Some would-be players quite rightly needed to work after months of financial uncertainty; some wavering players might decide that it’s simpler to go off and play golf or dig the bike out.
On the flip side, there’s been an awful lot of time spent inside, and mums and dads may find it easier to negotiate time outside playing cricket.
And what of all those twenty or thirty-something professionals – especially in London – who once were too busy to play because of work or family commitments, but have now moved home to live with mum and dad? They could be tempted to re-join their childhood club.
Clubs will be keen to get a whole season this year. And, though clearly, the matter of fixtures and formats seems trivial at the moment, clubs and leagues will be quietly mulling it over right now, and whatever is chosen will have a considerable impact on the scale of the season.
Players at the top end of clubs tend to be less disposed towards friendly cricket and will be keen to restore the carrot of promotion and relegation, which was put into abeyance in the 2020 half-season. The more weekends that are lost from the season, the chances reduce that leagues and clubs will want to toy with the risks of promotion and relegation at the end of it.

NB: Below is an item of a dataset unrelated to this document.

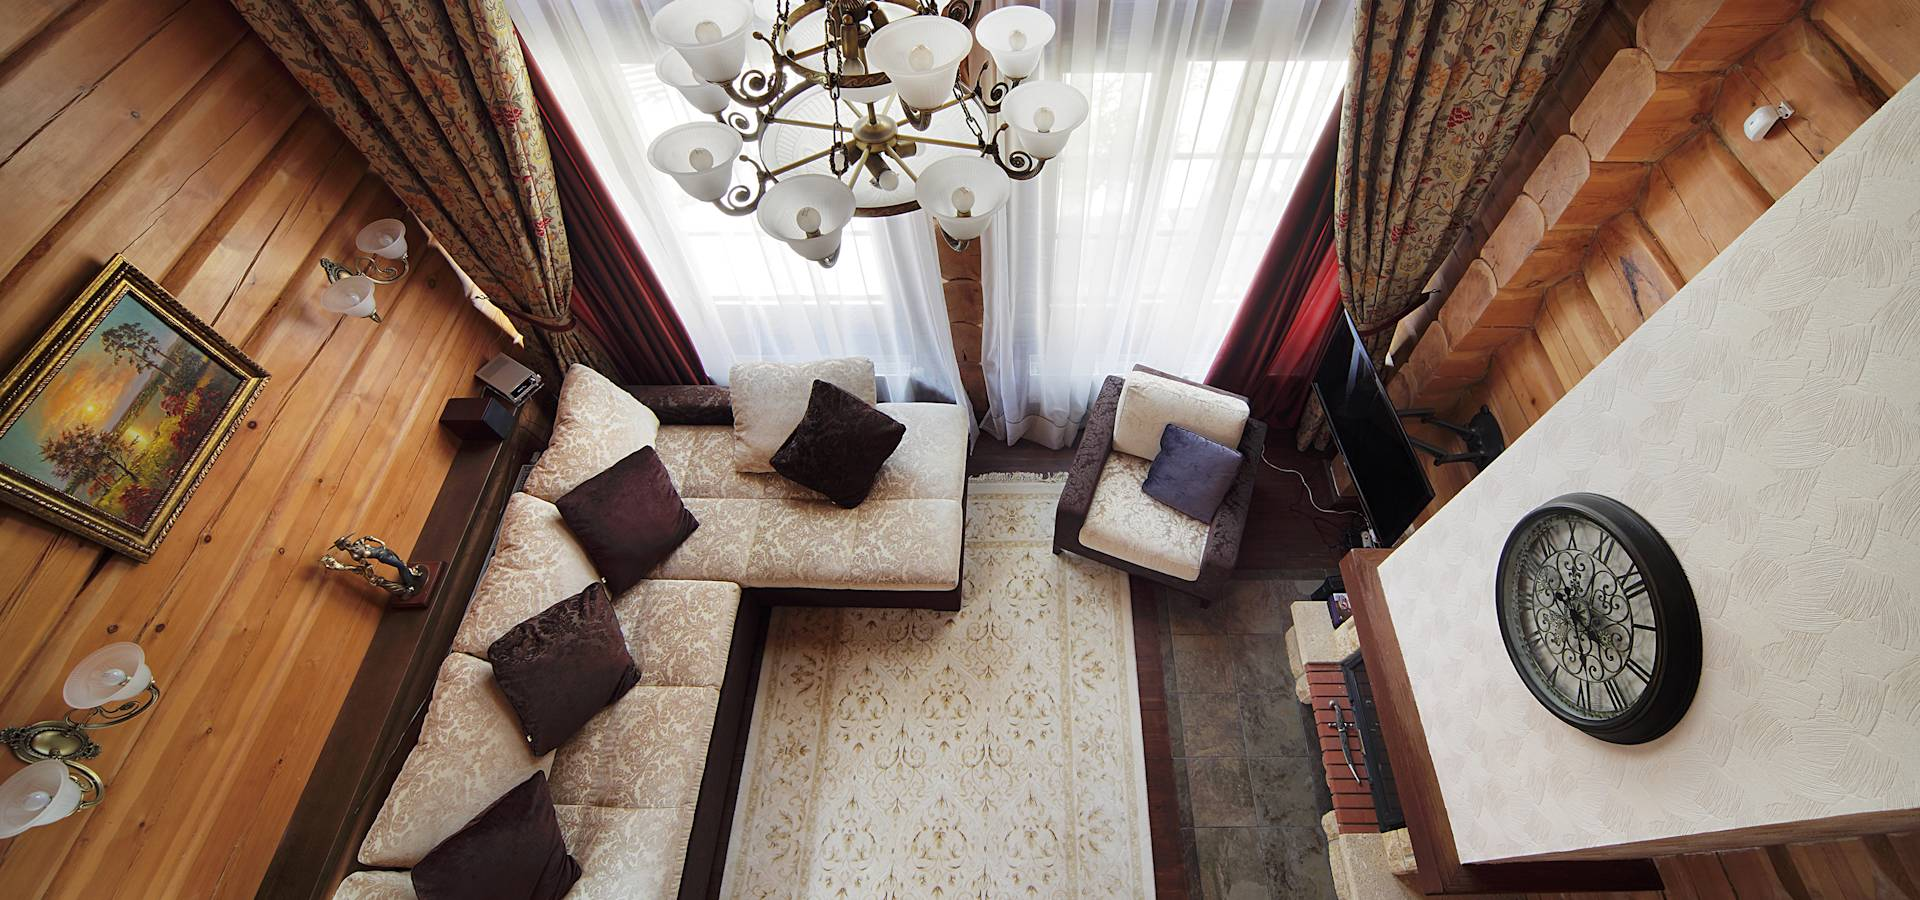 Cabinas De Ducha Foro:fotos-de-salones-de-estilo-rustico-dejpg

At the bigger clubs, the arrival of expensive overseas players – a debate in itself – will surely depend on the length and structure of the season. There will be some tricky club and league AGMs taking place to discuss these issues over Zoom in the next couple of months.

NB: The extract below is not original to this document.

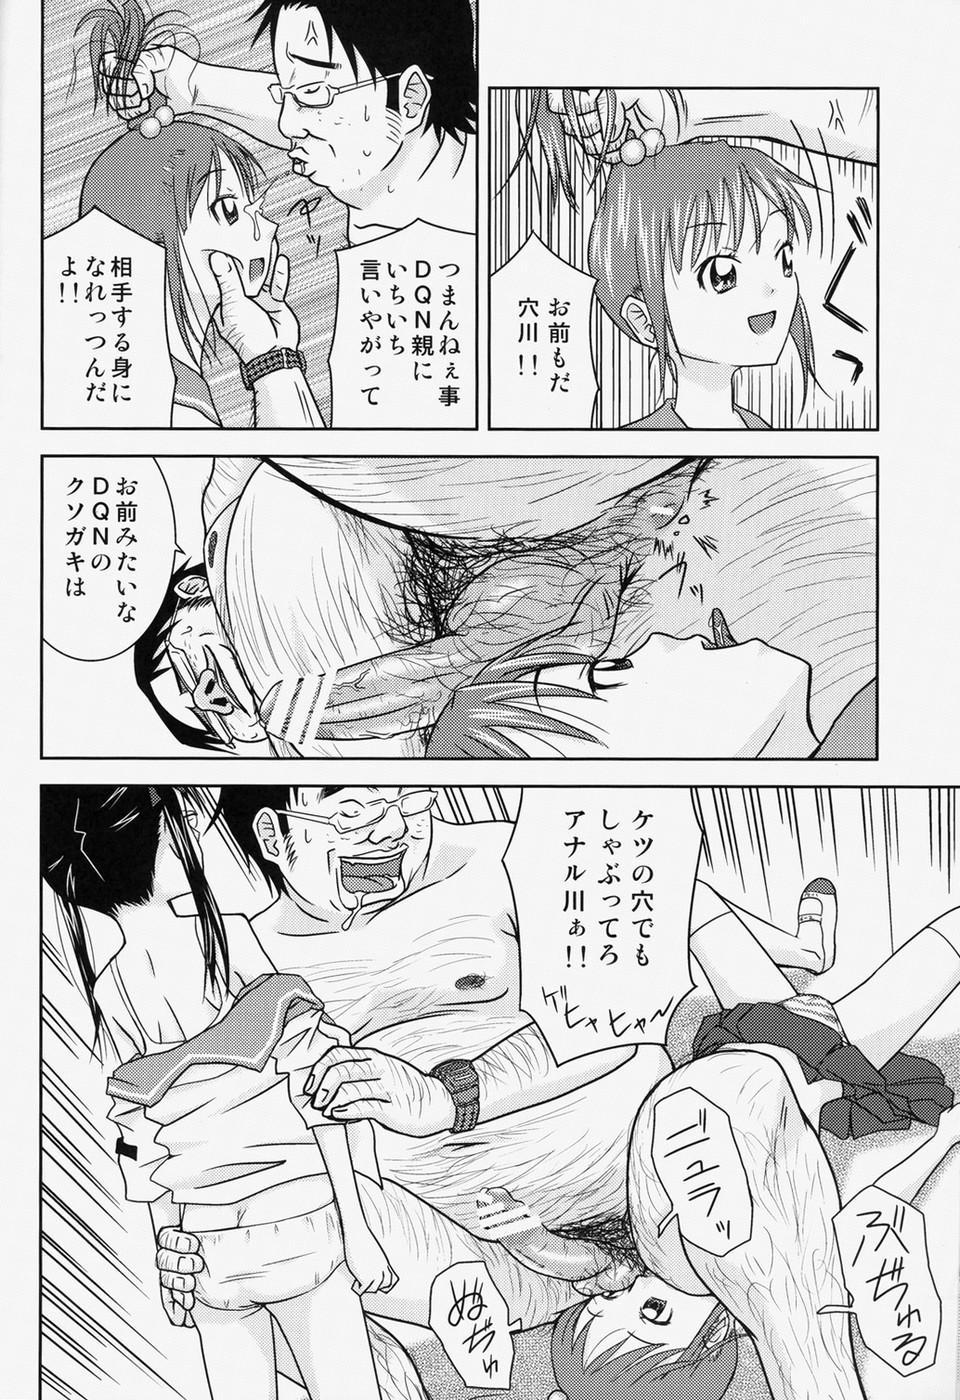 Moshimo Jikan ga Tomattara!? 2 Byou 8
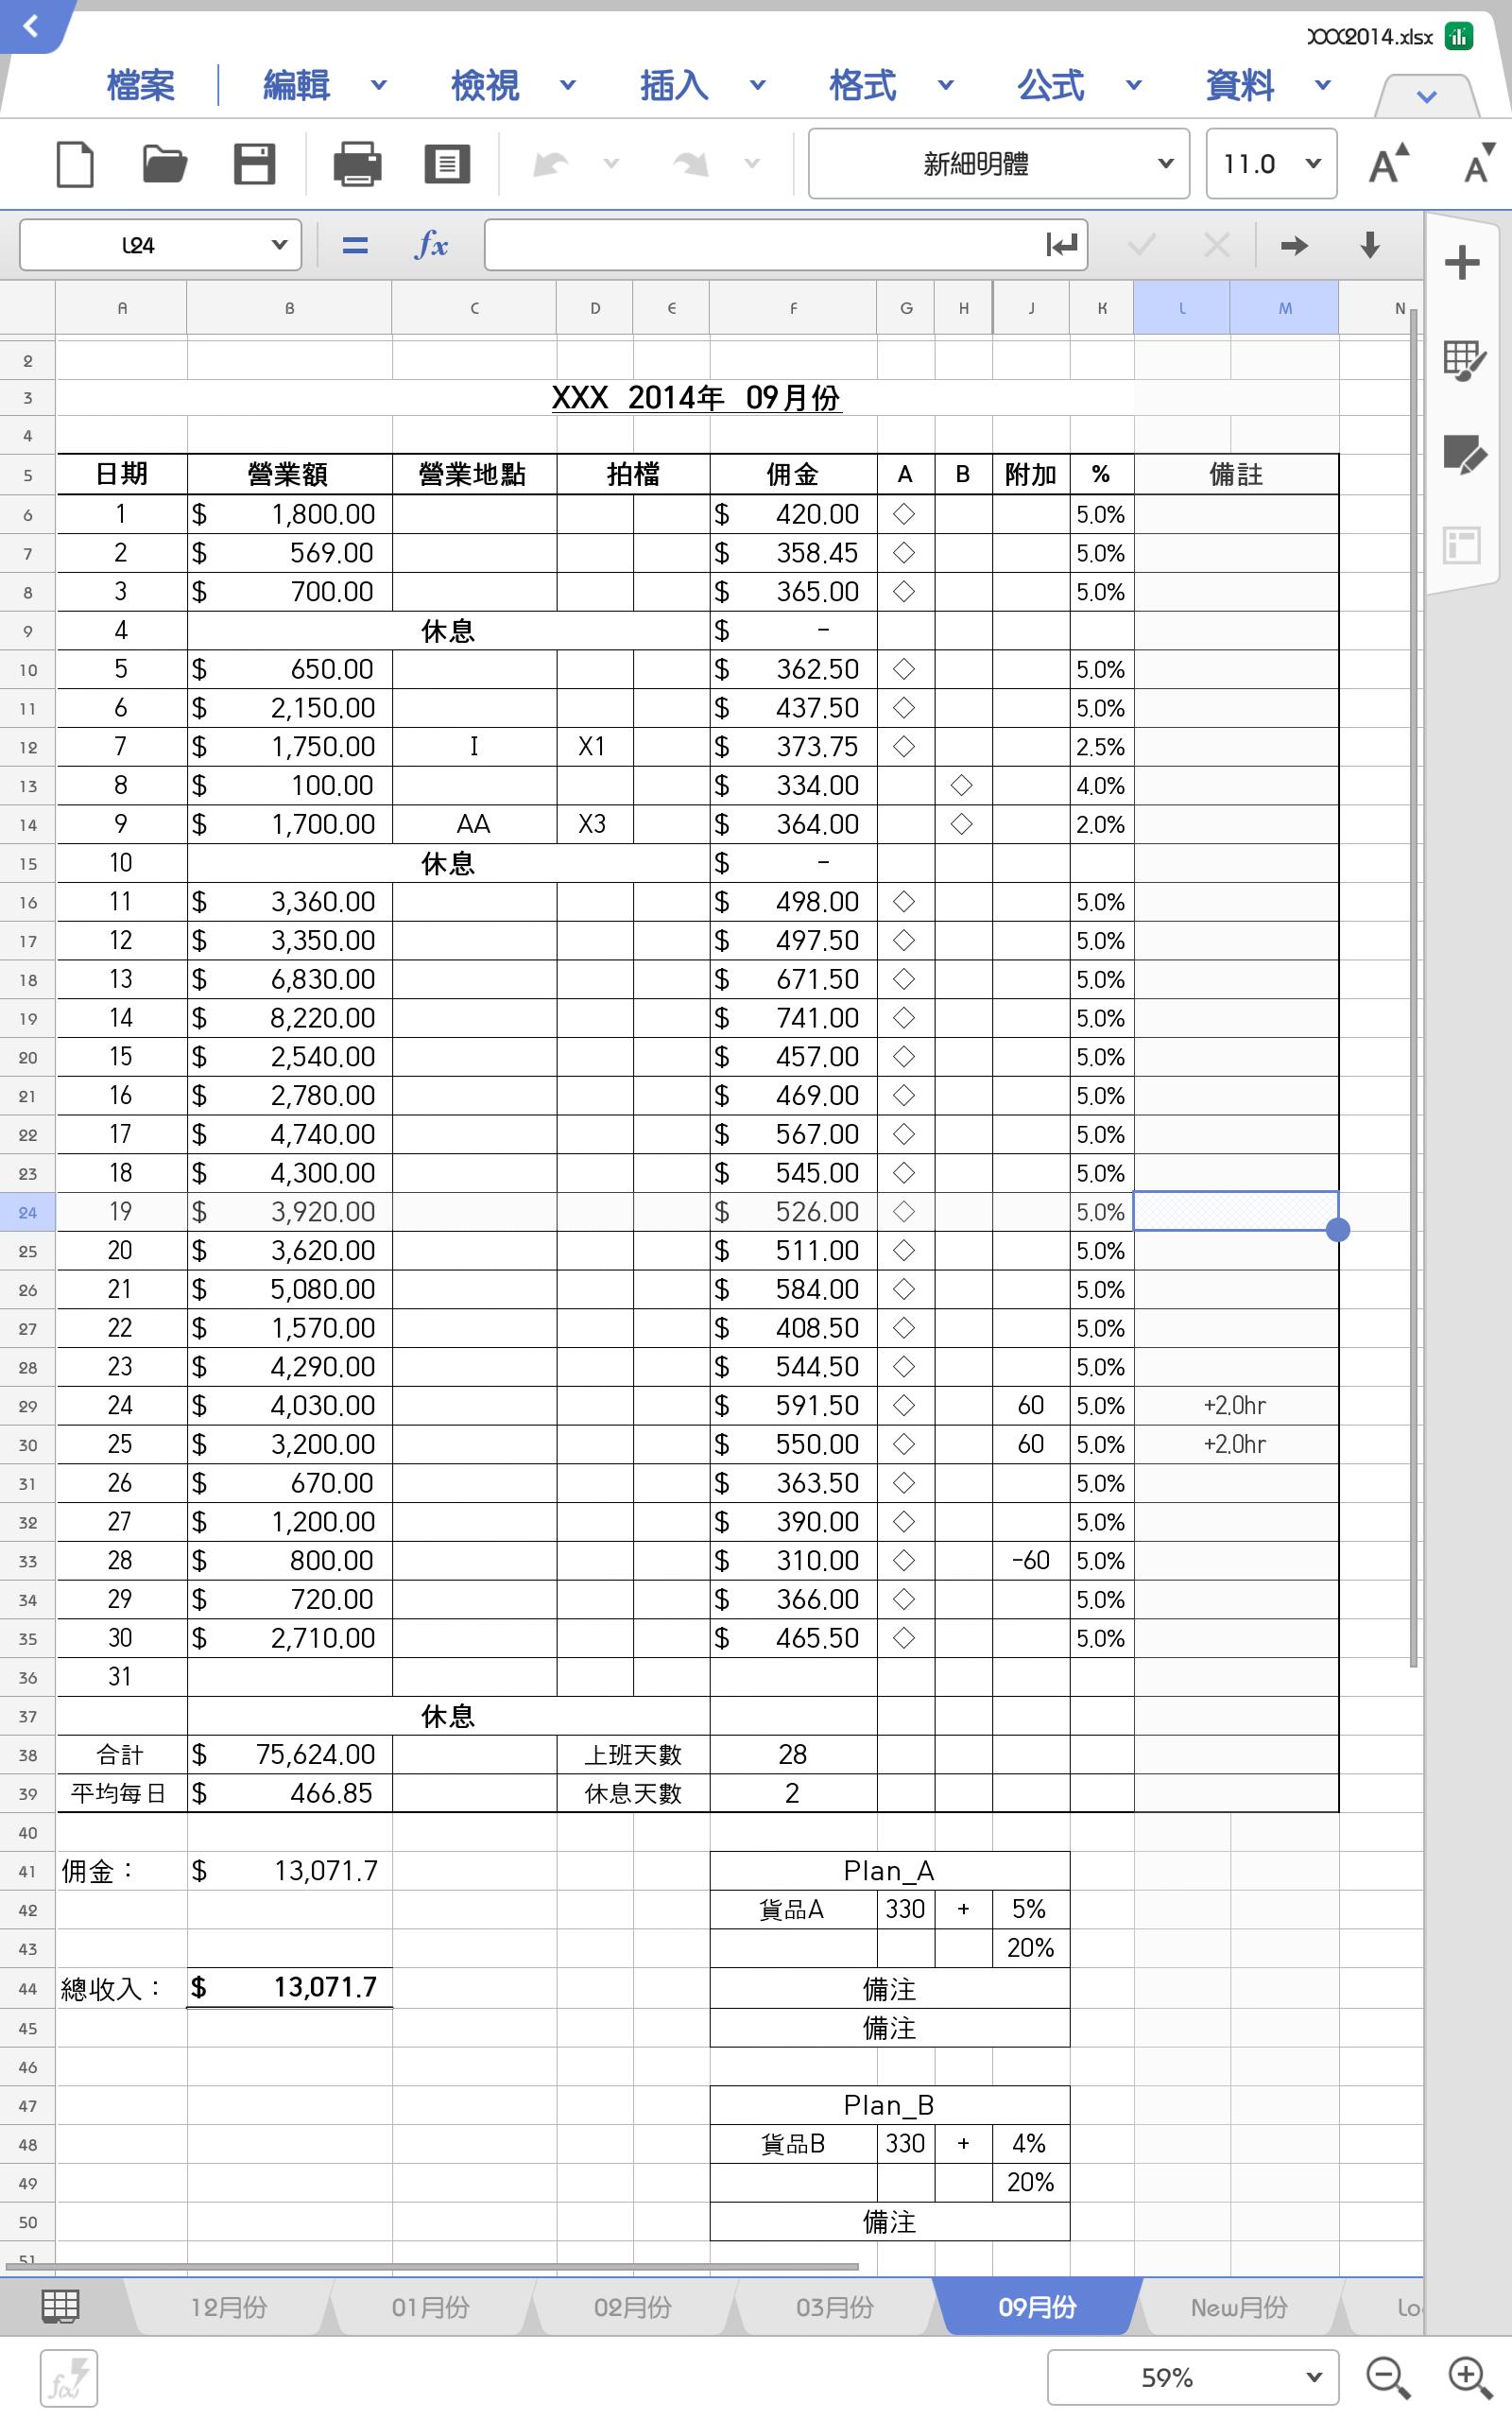 傭金計算表_a | 漫金遊

I’m one of the people who, once this has all passed, doesn’t want to lose the traditional provision of teas, although I recognise the effort involved these days, and the costs upwards of £75 a day.

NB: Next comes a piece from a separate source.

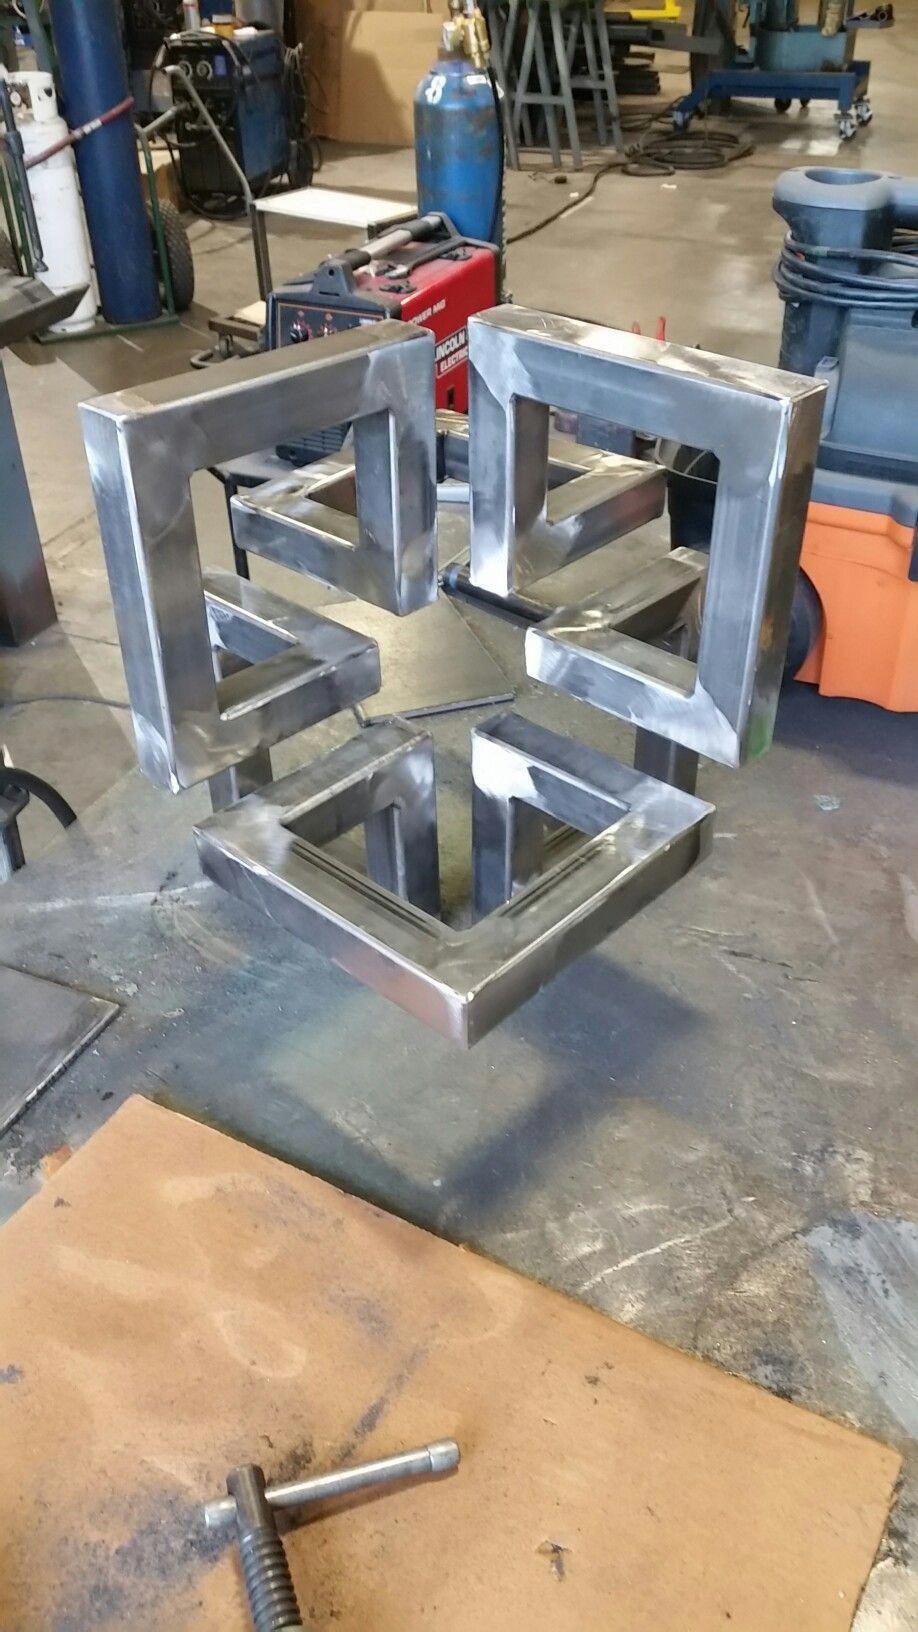 Welding Projects Ideas Metal Weldingprojects Welding Projects Metal Projects Welding Art

I’m sure most players would readily accept a second season of bringing your own tea if the vaccine has not been safely rolled out among enough of the population.
Changing and showering at home wasn’t too arduous either, even after a particularly stinking hot day. These are relatively small sacrifices, if not ideal in normal times.
And that’s before we even think about youth cricket. Last year the colts season – usually starting in April and finishing by the end of July – had to be delayed until restrictions were lifted, and instead ran through the school holidays. While some families did get away for a break, meaning there were some problems raising teams in August, for the most part where colts leagues were run it was a resounding success.
What sort of schedule will be possible this summer?
One club chairman told me: "So many parents came up to us and said they were so grateful that we managed to get the season on. Because most kids arrive with their parents, transport wasn’t an issue.
"More than anything though, some had their kids cooped up at home for weeks and weeks on end, and while it might have been a novelty at the start, they were experiencing problems getting their kids out of bed or getting them to do anything. And if they were an only child they might hardly have seen another young person in the flesh.
"That, and the exercise aspect, makes you think – before we even start to think about the cricket – that we’ve been part of a social good."
Think about that, and then consider what position we could be in after months of children at home since December until the early spring, or even longer.
The plans are currently for both the ECB youth programmes – All Stars Cricket and Dynamos – to go ahead this year; so too, I understand, for Chance to Shine’s in-classroom activities.
We don’t yet know what kind of recreational cricket season we will get, but after the grim times we have endured, with a decent run of time and weather it could be remembered more fondly than any other. So let’s be ready.